- [WORKING DATA]
---

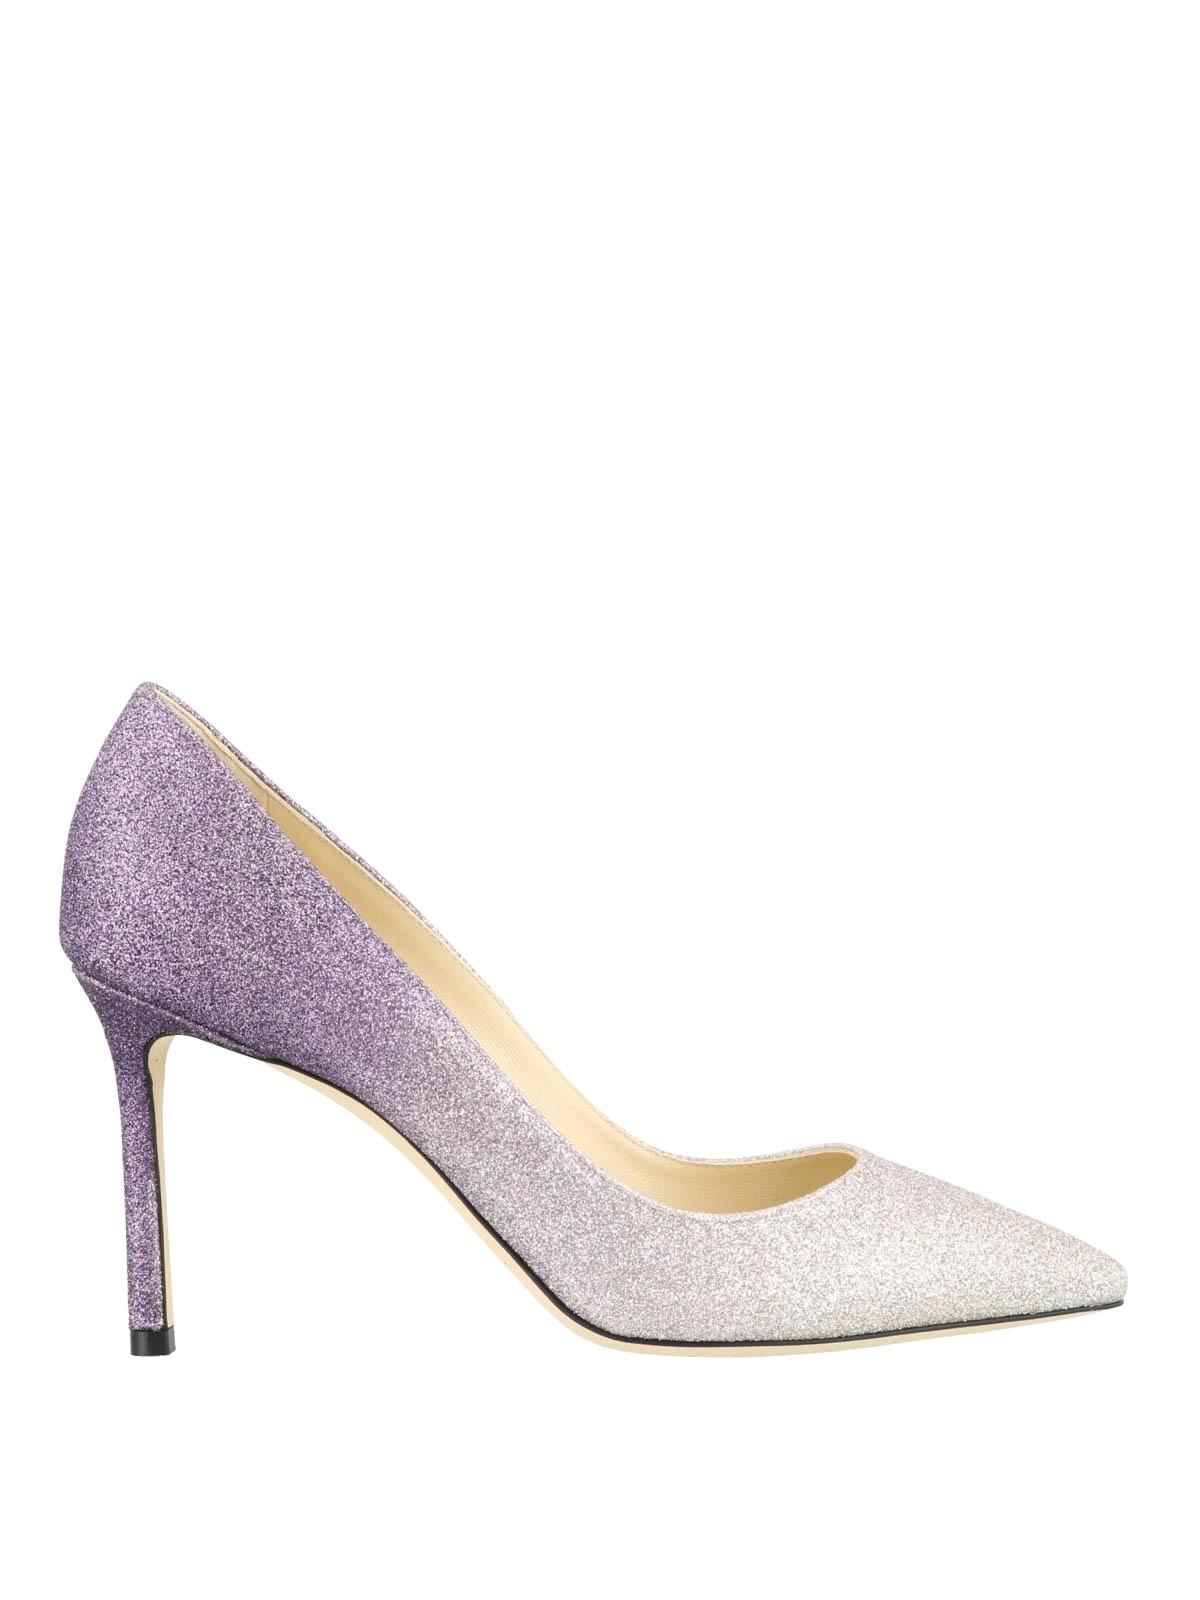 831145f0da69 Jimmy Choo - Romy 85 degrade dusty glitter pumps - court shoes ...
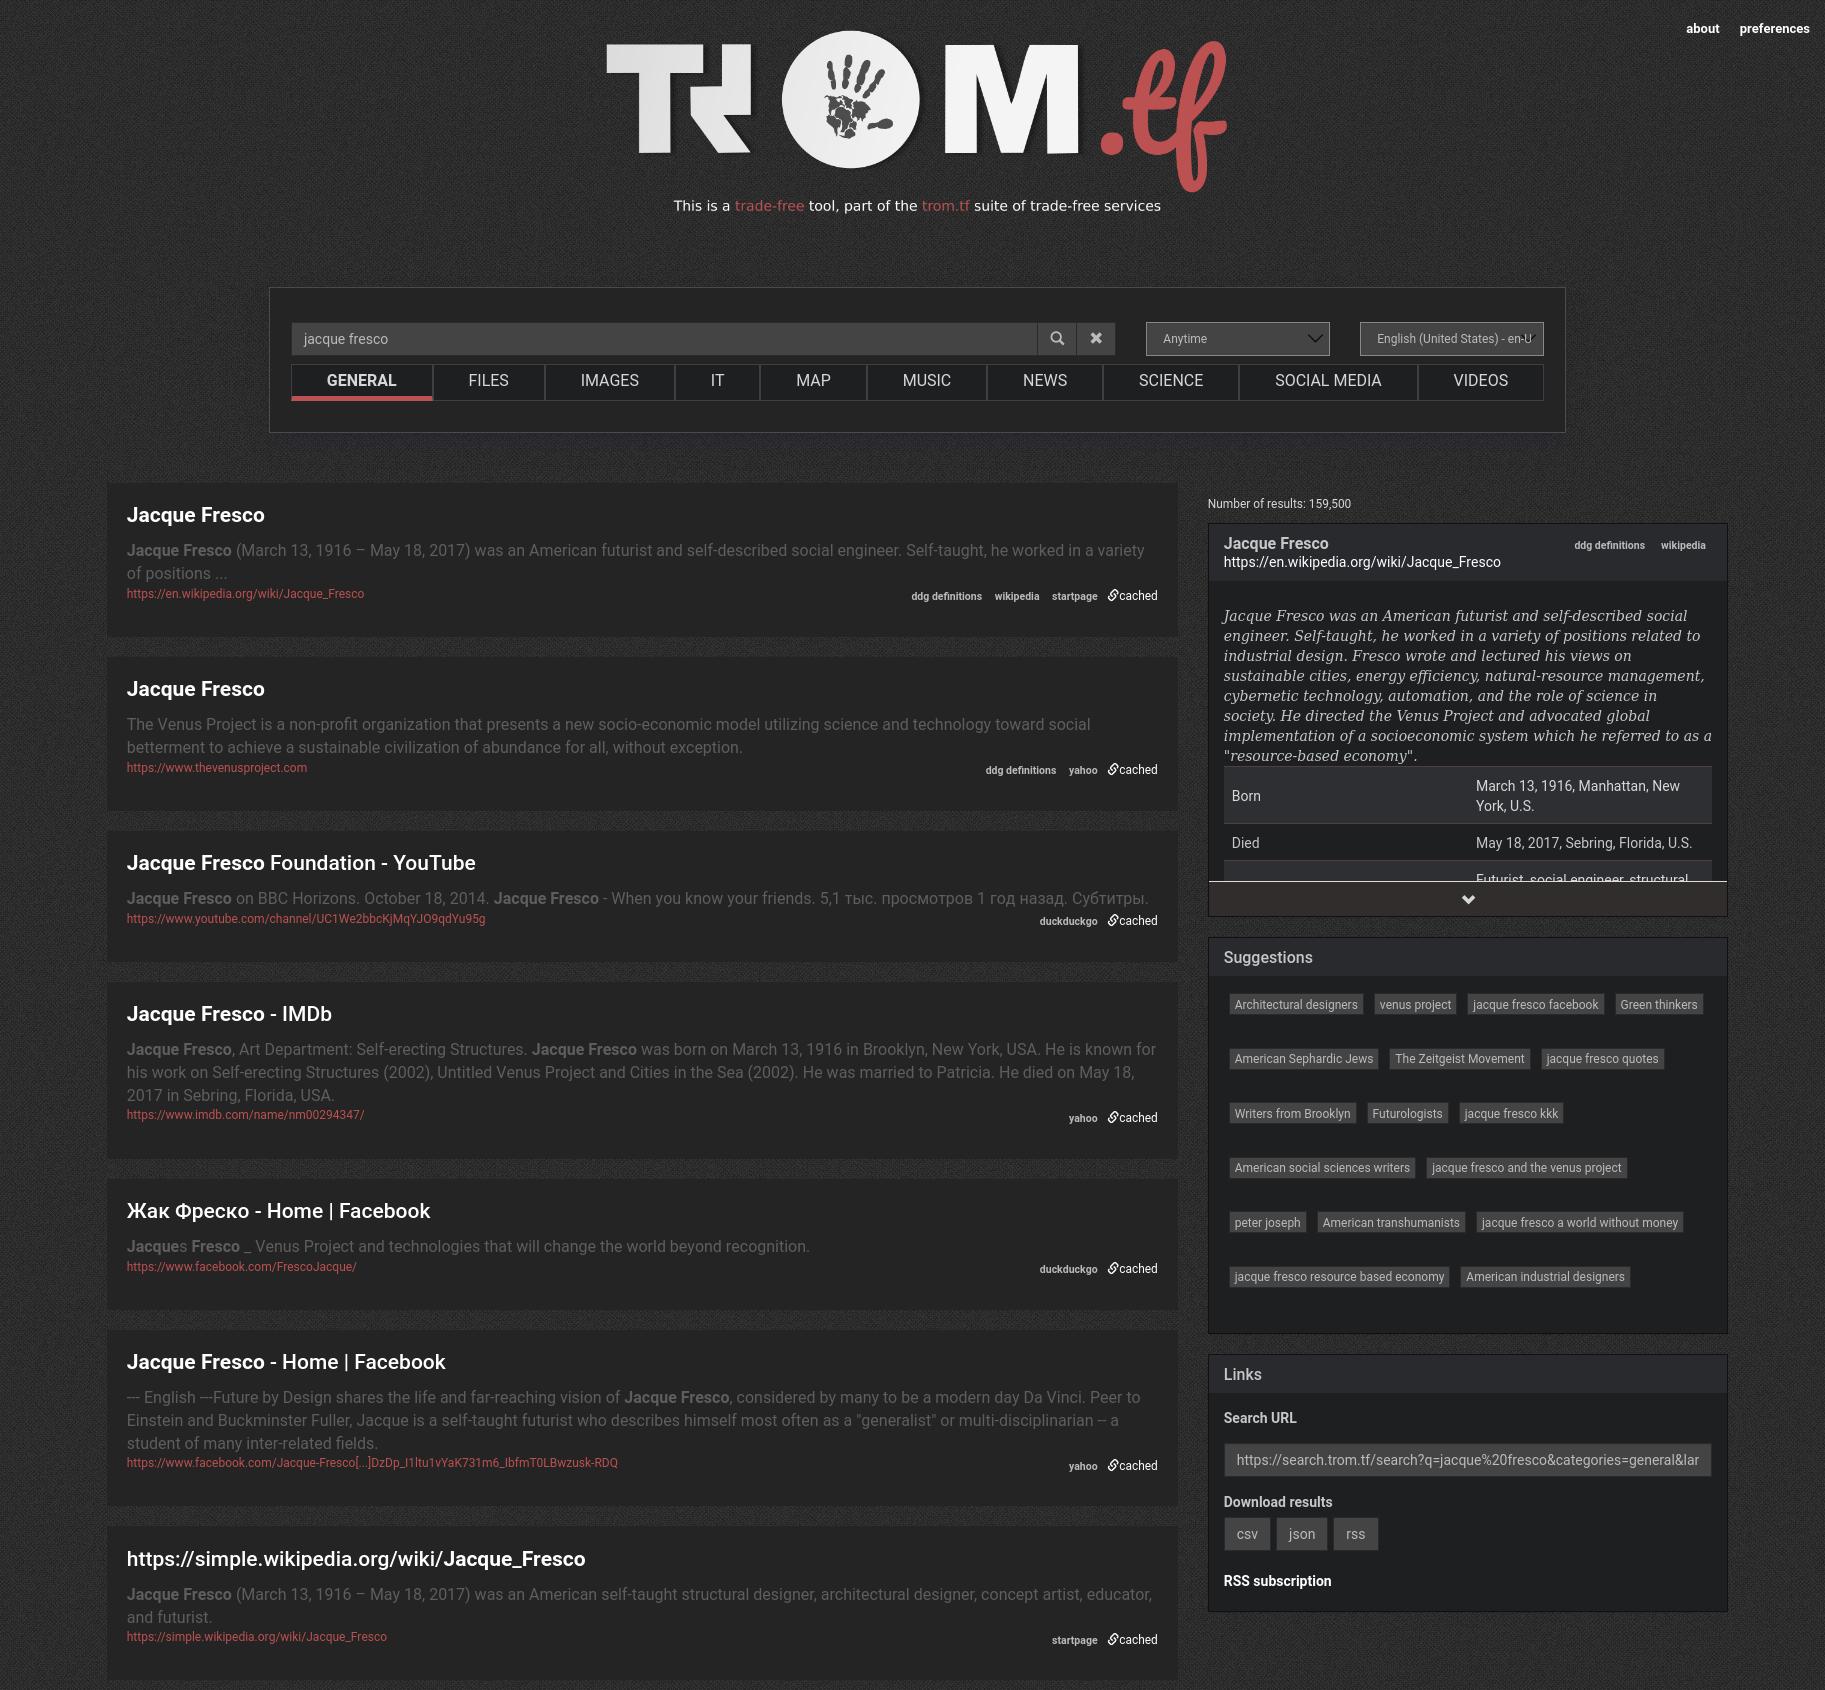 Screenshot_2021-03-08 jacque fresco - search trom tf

---

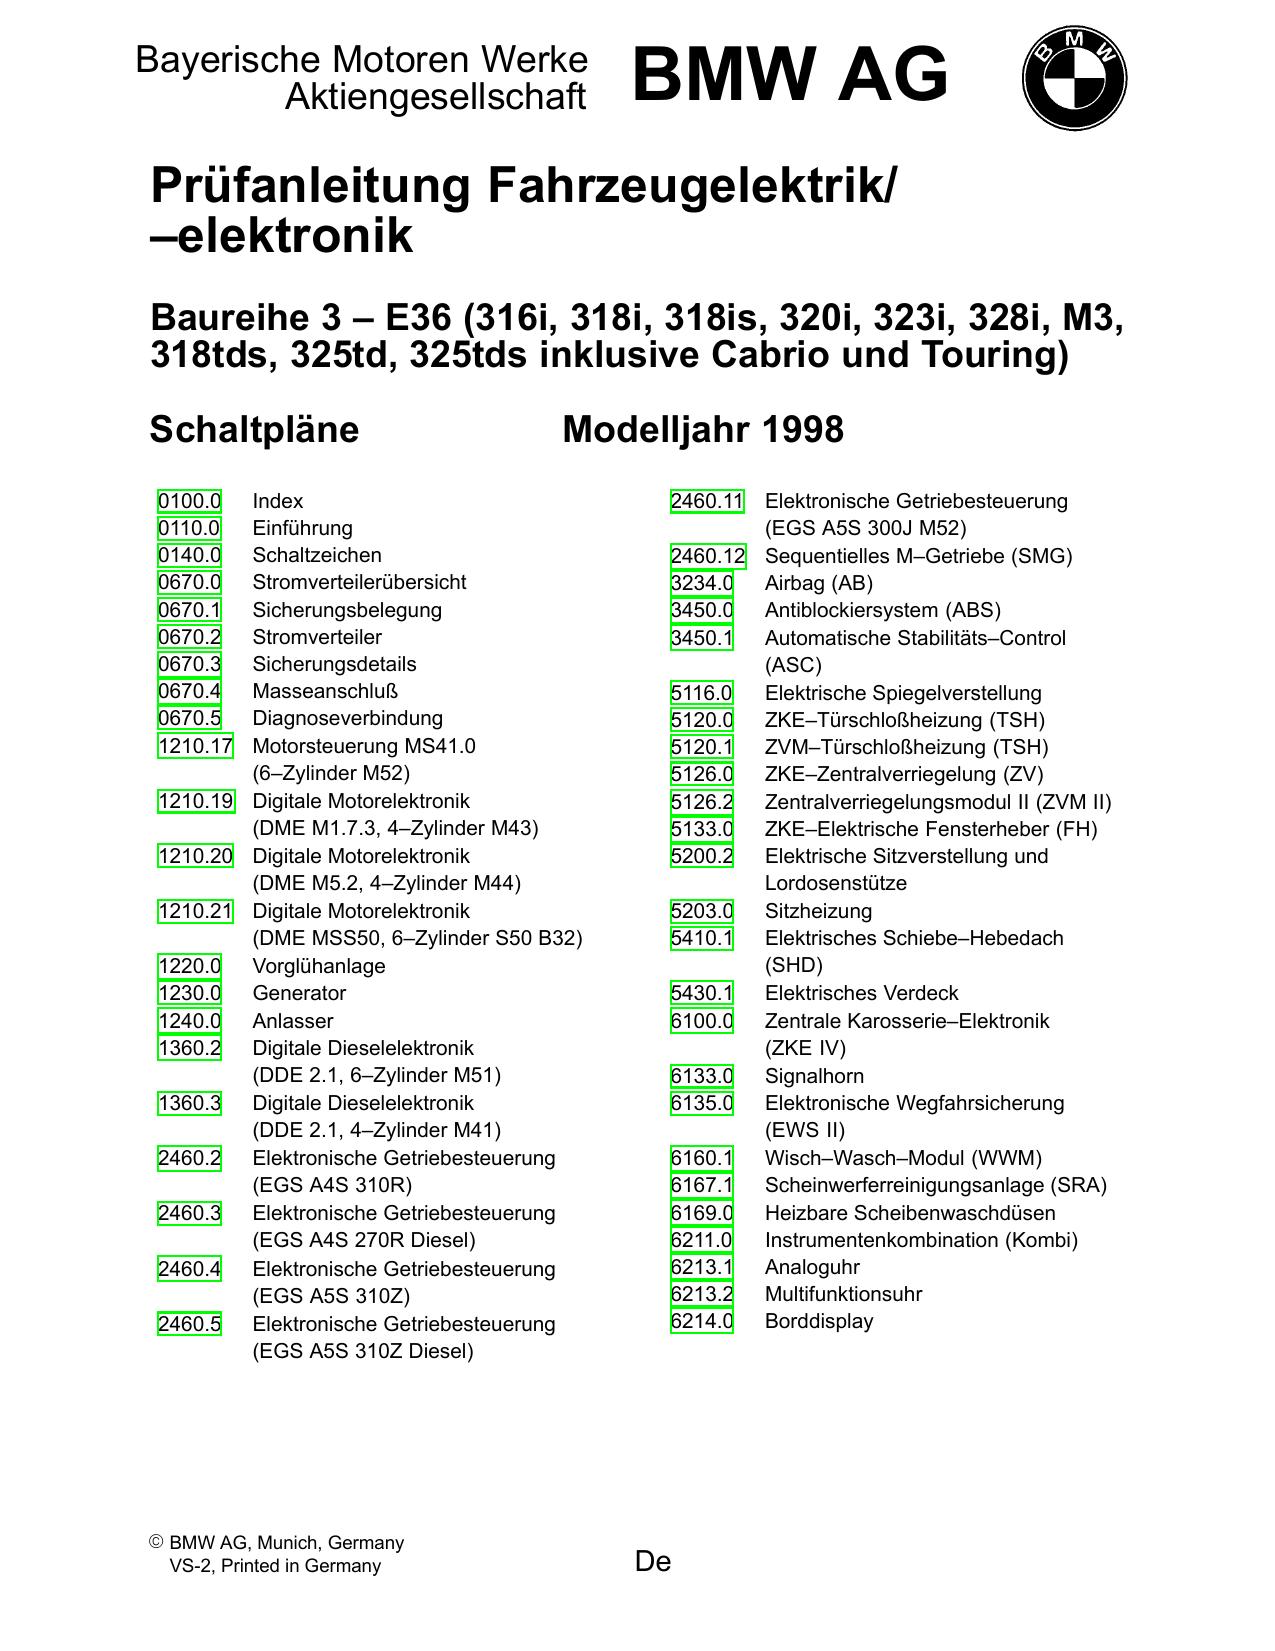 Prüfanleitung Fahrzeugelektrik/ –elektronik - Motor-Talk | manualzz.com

---

- [WHAT TO DO] Copy word for word the span of the records above that begins at the line with "831145f0da69 Jimmy Choo" and ends at the line with "Screenshot_2021-03-08 jacque fresco", including those two lines but not the pictures.

- [EXERCISE OUTPUT]
 831145f0da69 Jimmy Choo - Romy 85 degrade dusty glitter pumps - court shoes ...
 Screenshot_2021-03-08 jacque fresco - search trom tf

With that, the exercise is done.